The model uses market structure (whether or not there is a single firm that dominates the sector) and the cost to the industry of replacing the suspect substance as the key variable. It also considers the differing circumstances of a “pragmatic” NGO that is willing to work closely with firms (and will thus take into account the costs that they are likely to incur in removing the chemical) and those of an “antagonistic” NGO that is keen to maintain an arms-length relationship with the industry. The results that the model delivers are complex and sometimes counterintuitive.

Erhun stresses that the paper is meant to offer high-level insights that could help to illuminate the NGO decision-making process and create further dialogue on the subject. She says: “I think the beauty of the paper is that it brings a different approach into an industry that has not often been considered carefully in operations-management literature.”

“Non-profits are not any less strategic than for-profits – they have goals and objectives, though these goals and objectives may be more difficult to identify. Understanding their strategic behaviour and how they should react to different designs and incentives is a good first step to improving the efficiency of the system.”

Crucially, game theory deals with the possible actions of the other “players” in a scenario – in this case, the companies and regulator as well as the NGO itself. Two pioneers in the field, Martin Osborne and Ariel Rubinstein, defined it as “a bag of analytical tools designed to help us understand the phenomena that we observe when decision-makers interact” – an encapsulation that Erhun thinks is right.

“In more traditional frameworks, we don’t try to incorporate the other players’ reactions,” she says. “But game theory is all about that interaction: we’re always factoring in how others are going to react to our own decisions.”

Feryal Erhun joined Cambridge Judge Business School in 2015, having previously been a faculty member at Stanford University’s Department of Management Science and Engineering, an instructor at the Department of Medicine and a Fellow of its Clinical Excellence Research Centre. Her interest in game theory stretches back more than a decade; she believes it has great potential for business.

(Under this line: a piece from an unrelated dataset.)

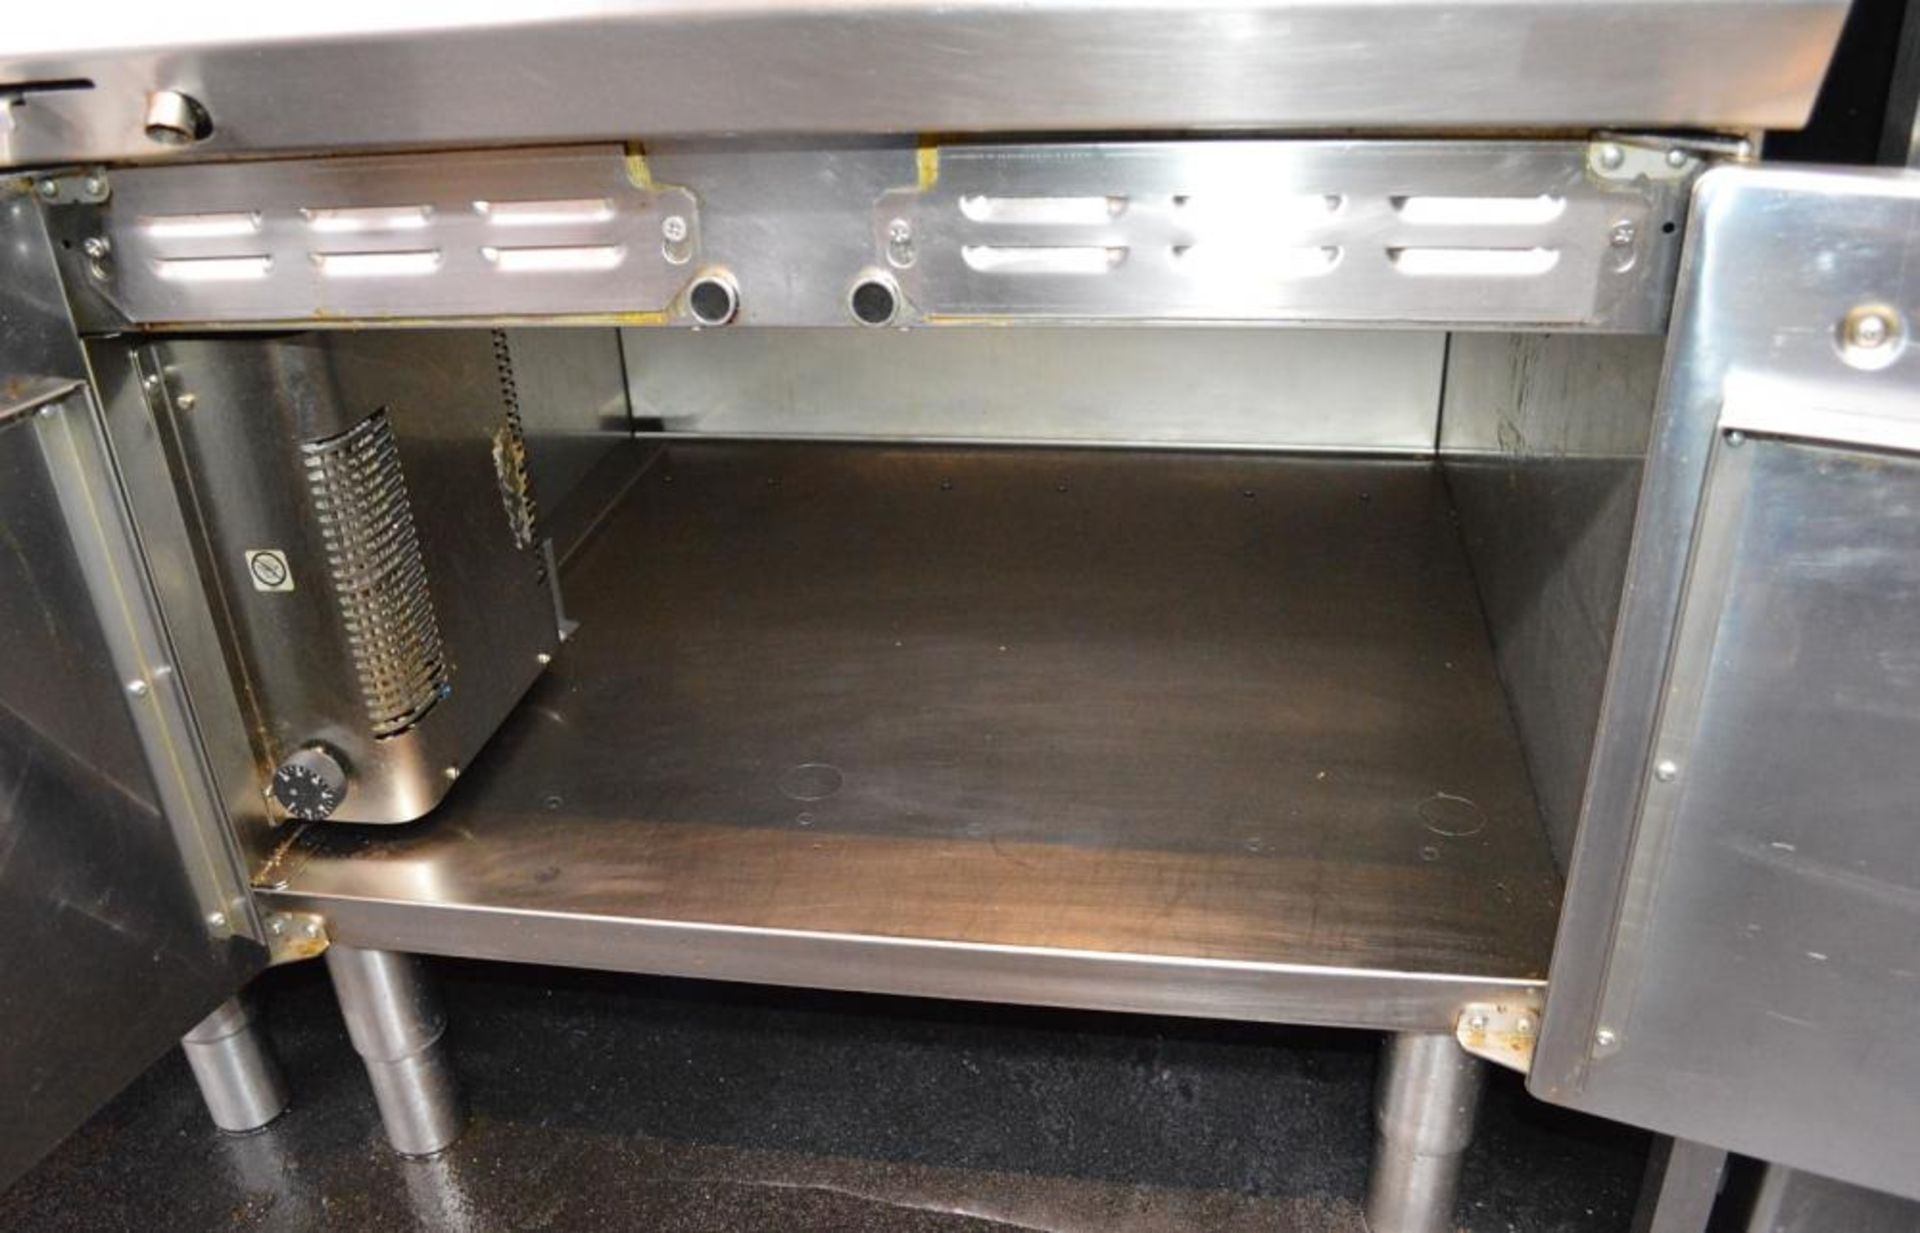 1 x Angelo Po BAINE MARIE Commercial Kitchen Equipment With Modular Design and Stainless Steel - Image 2 of 4
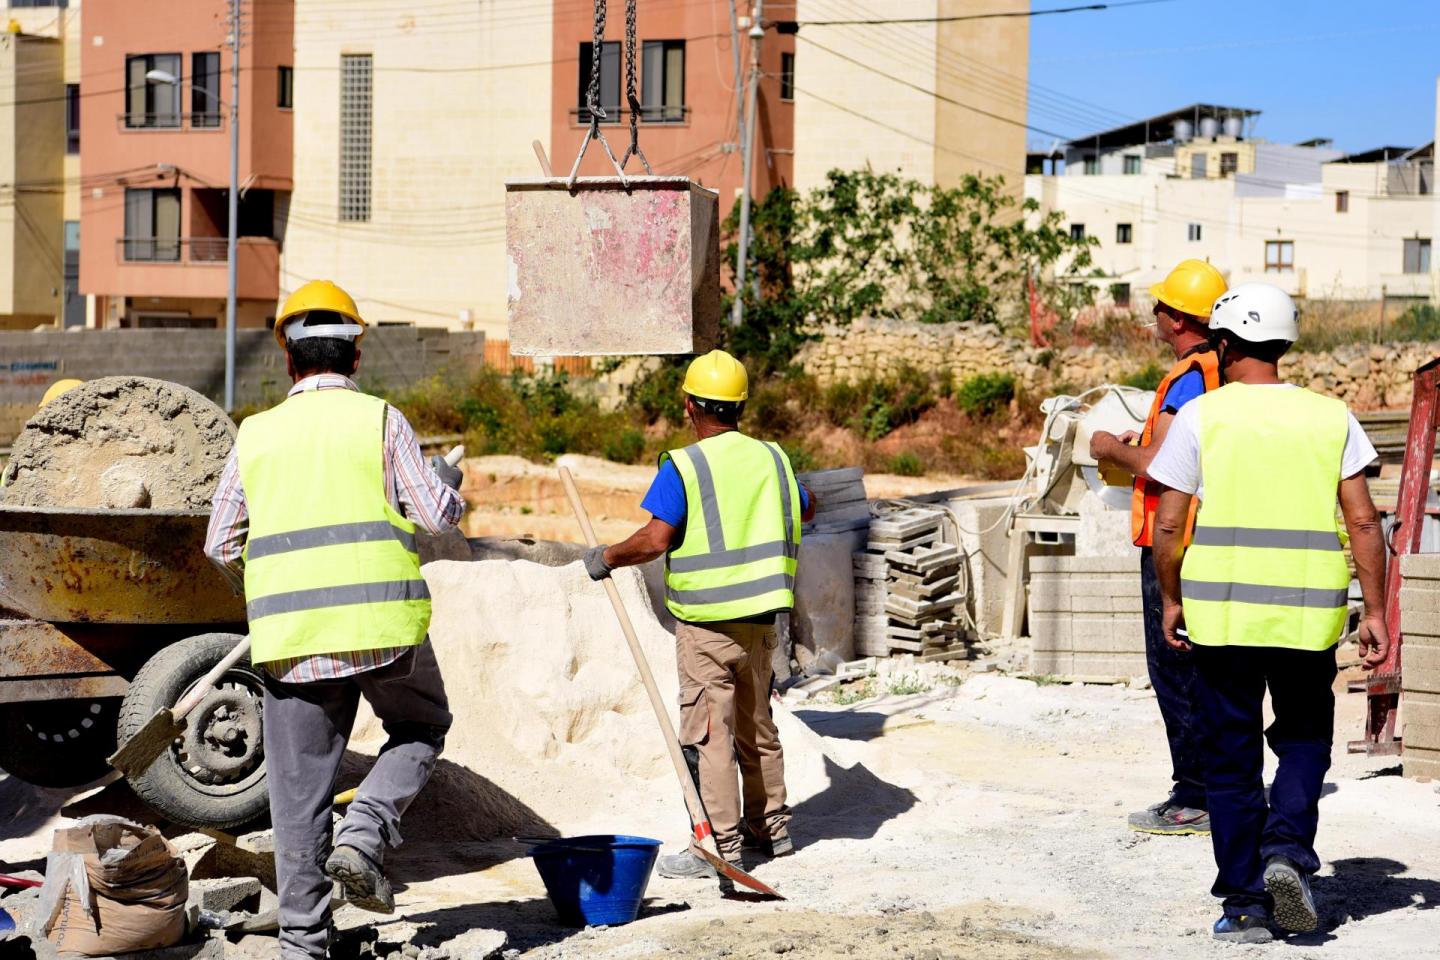 Manual labourers are at an increased risk of developing ALS

“The history of game theory in our area is quite new,” she says. “The field itself is old, but its application in operations management is a more recent development; and now, with globalisation and things like outsourcing, it’s gaining traction. Look at how supply chains have become more complex over the past 20, 25 years. You can no longer ignore strategic interactions between players, such as different suppliers.”

Traditionally, game theory works with two assumptions: that every player is rational and acting in self-interest to maximise his or her payoff; and that each player is always reasoning strategically, considering the potential responses of the others. The first of these notions brings particular challenges when the methodology is applied in the sphere of NGOs and other non-profit organisations, Erhun believes.

With for-profit corporations, self-interest can be identified fairly uncontroversially as maximising returns. “However, non-profits are more difficult to study from an operations-management perspective,” she says. “It’s not just because agents perhaps may not behave fully rationally because they have more of an emotive attachment to their goals. They may also have multiple or even conflicting objectives, and these must be taken into account.”

Despite this, she predicts that research such as “The NGO’s dilemma” could one day help to develop decision-making aids for NGOs as they seek more efficient ways to manage such activities as grant-making.

“If you’re a body like the Gates Foundation, how should you decide your fund allocation?” she says. “You need a system that can place your funds efficiently; but if you’re giving many small grants of £5,000, you don’t necessarily want to spend too much time researching every aspect of what will be delivered.

“That’s the balance that needs to be struck from the funding agency’s perspective. We could assist by providing decision-support tools that allow them to make their choices more effectively, and that could help them to avoid biases or decision traps.”